__Task material__:
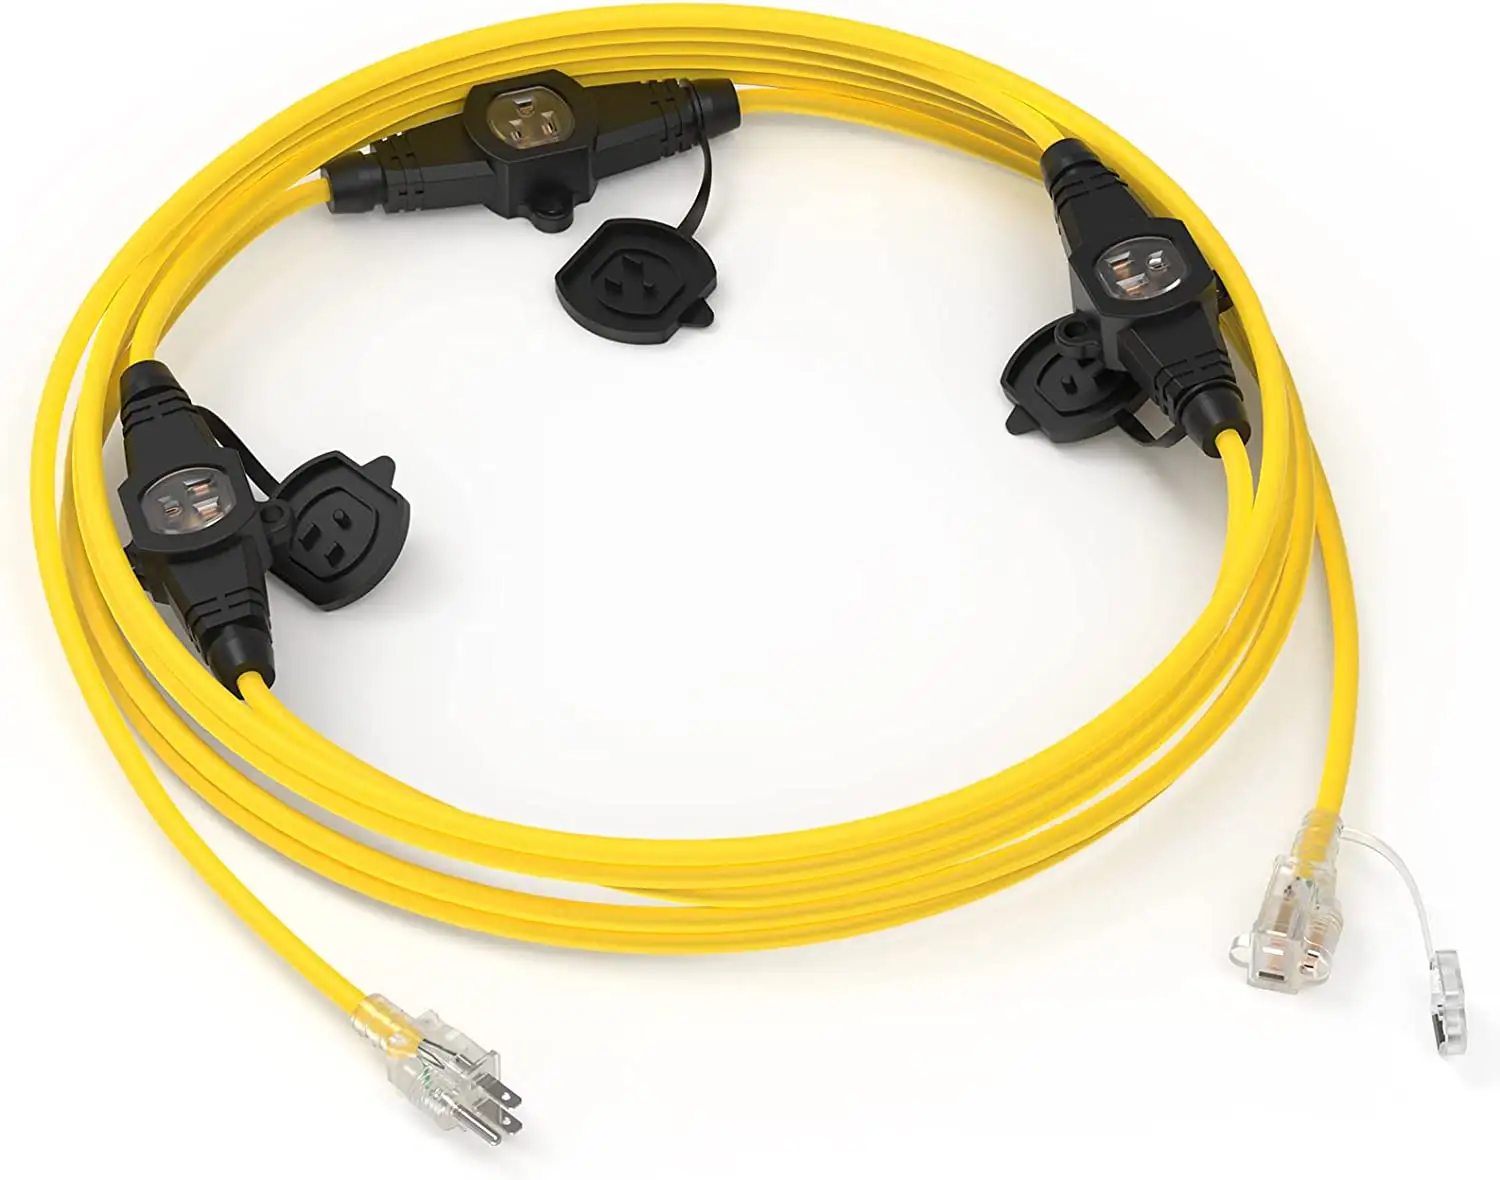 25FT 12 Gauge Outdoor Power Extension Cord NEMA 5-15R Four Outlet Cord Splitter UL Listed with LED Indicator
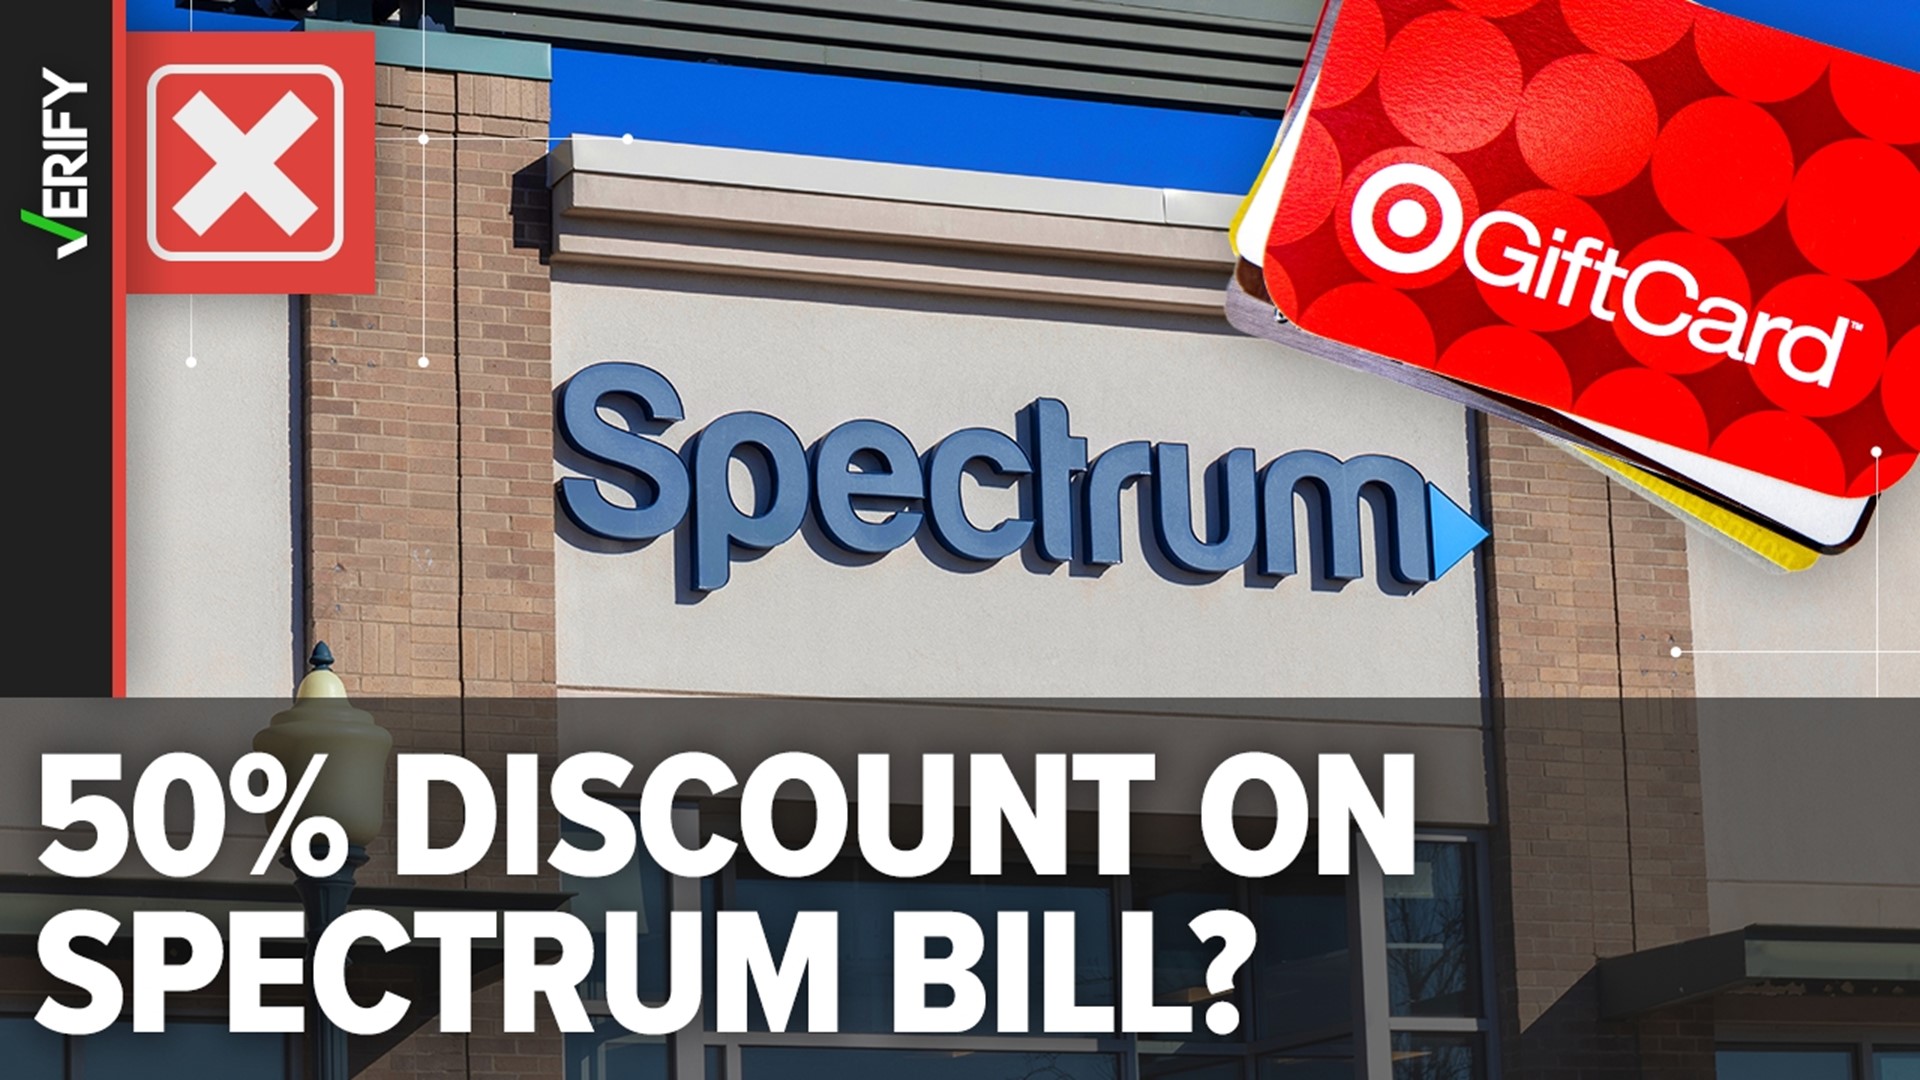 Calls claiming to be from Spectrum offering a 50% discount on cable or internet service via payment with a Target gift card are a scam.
...
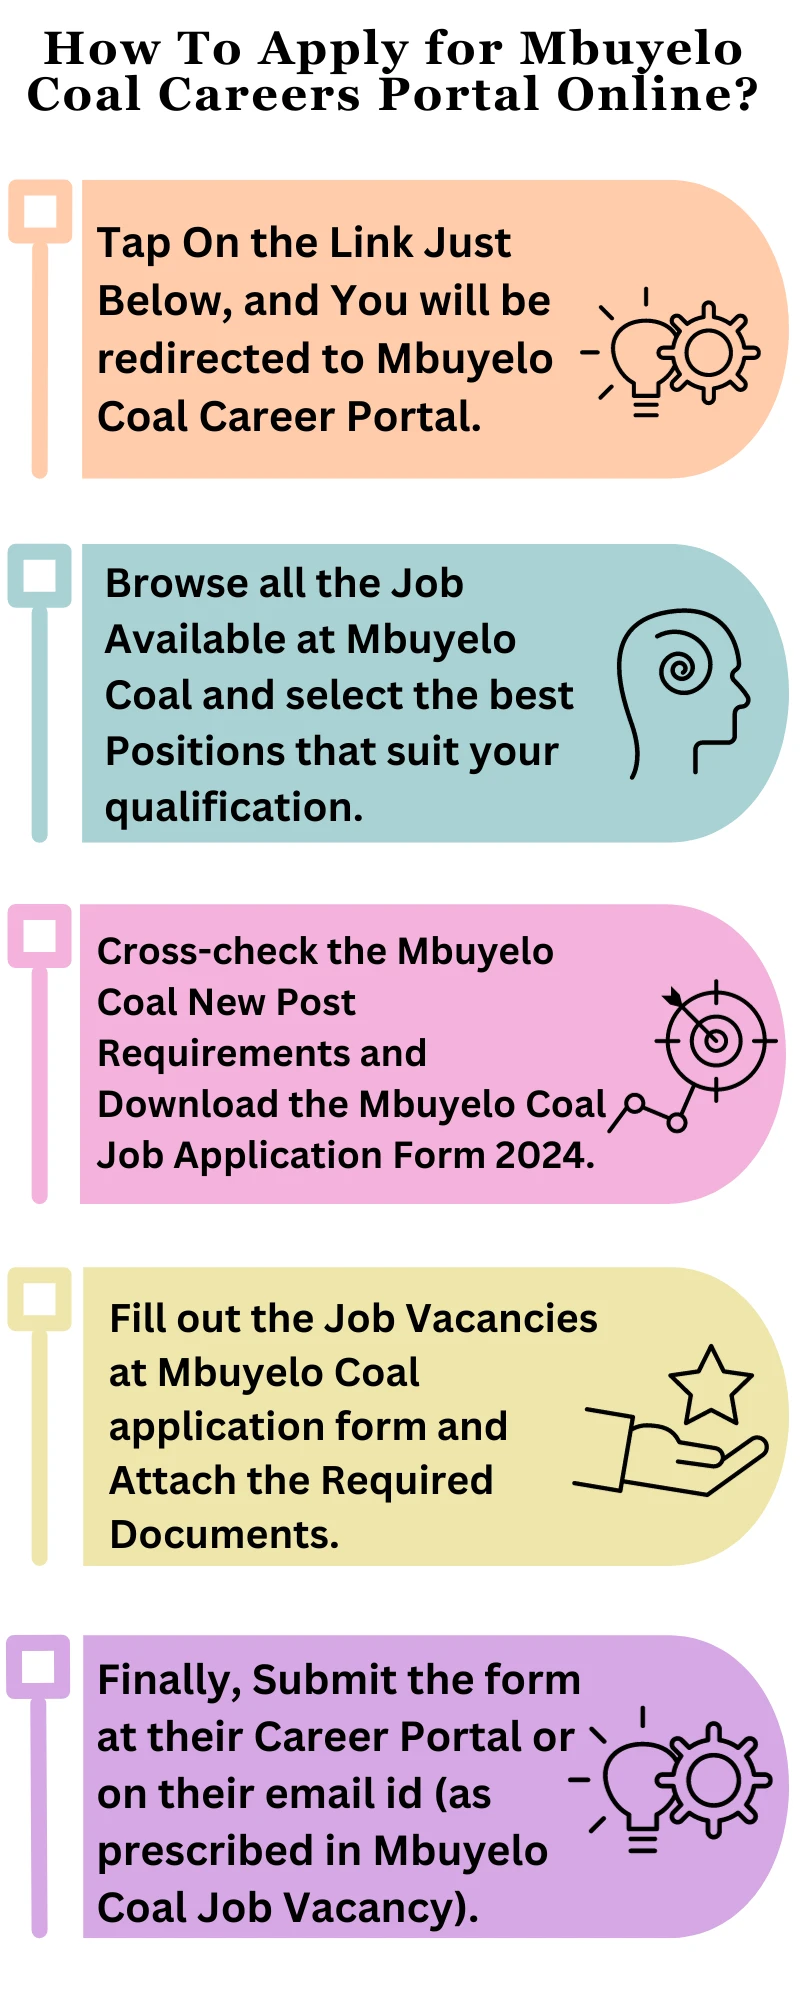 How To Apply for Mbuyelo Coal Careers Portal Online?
==
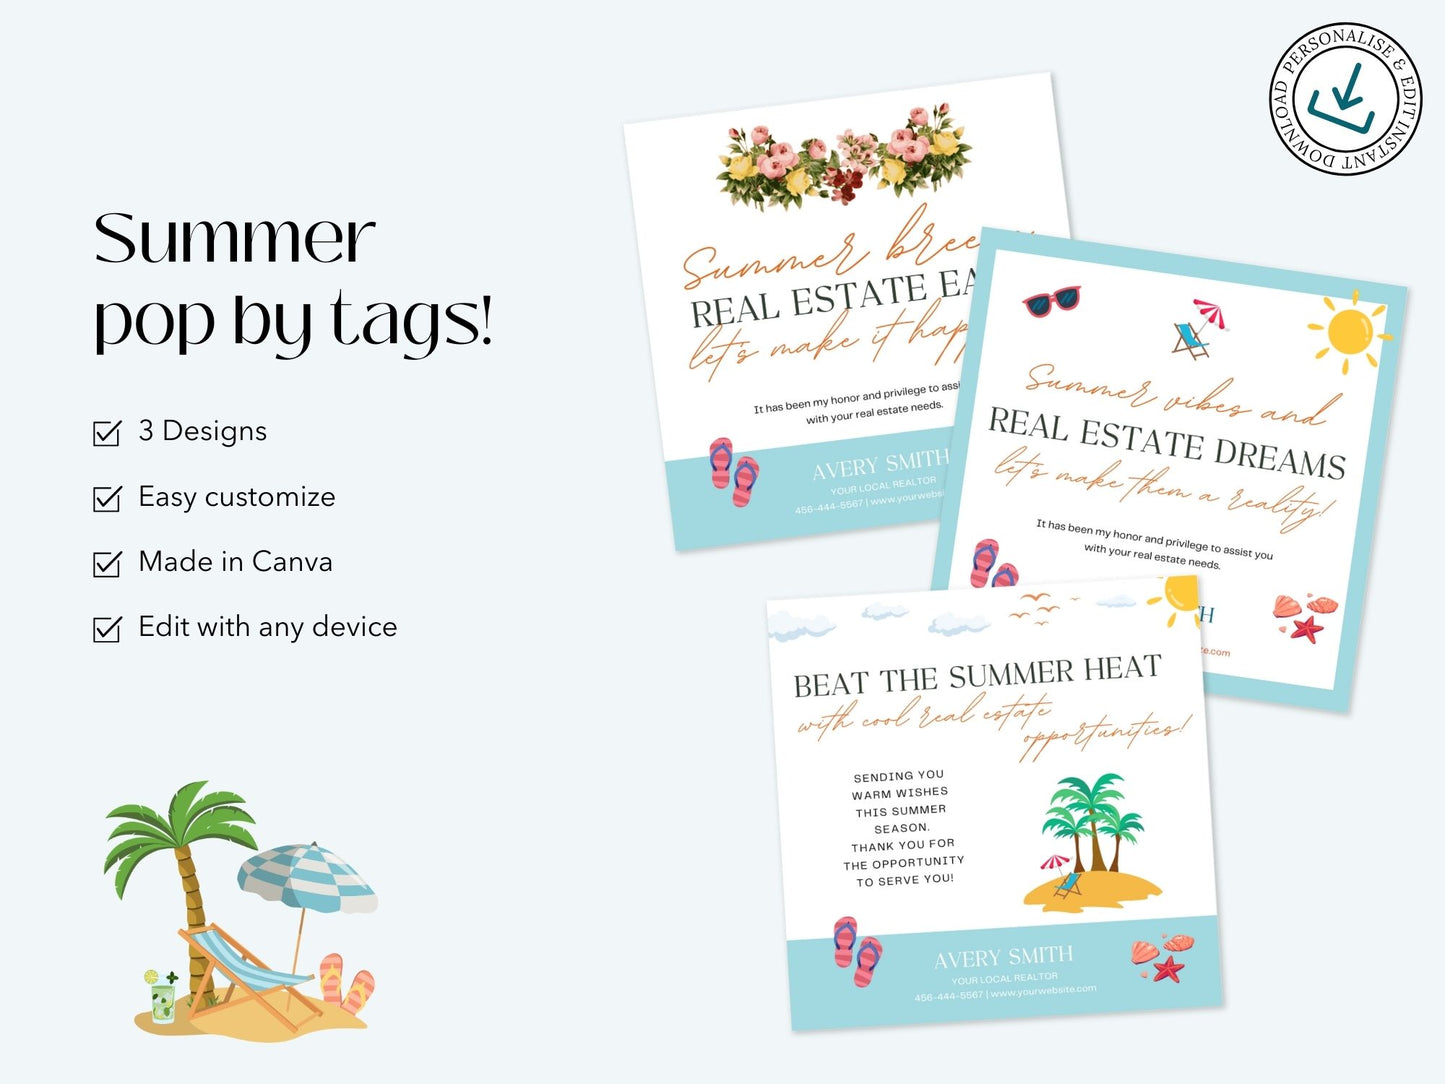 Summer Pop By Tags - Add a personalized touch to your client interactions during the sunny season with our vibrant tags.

__Prompt__:
Return only the stretch above from the line containing "25FT 12 Gauge" through the line containing "Calls claiming to", word for word and without pictures.

__Your response__:
 25FT 12 Gauge Outdoor Power Extension Cord NEMA 5-15R Four Outlet Cord Splitter UL Listed with LED Indicator
 Calls claiming to be from Spectrum offering a 50% discount on cable or internet service via payment with a Target gift card are a scam.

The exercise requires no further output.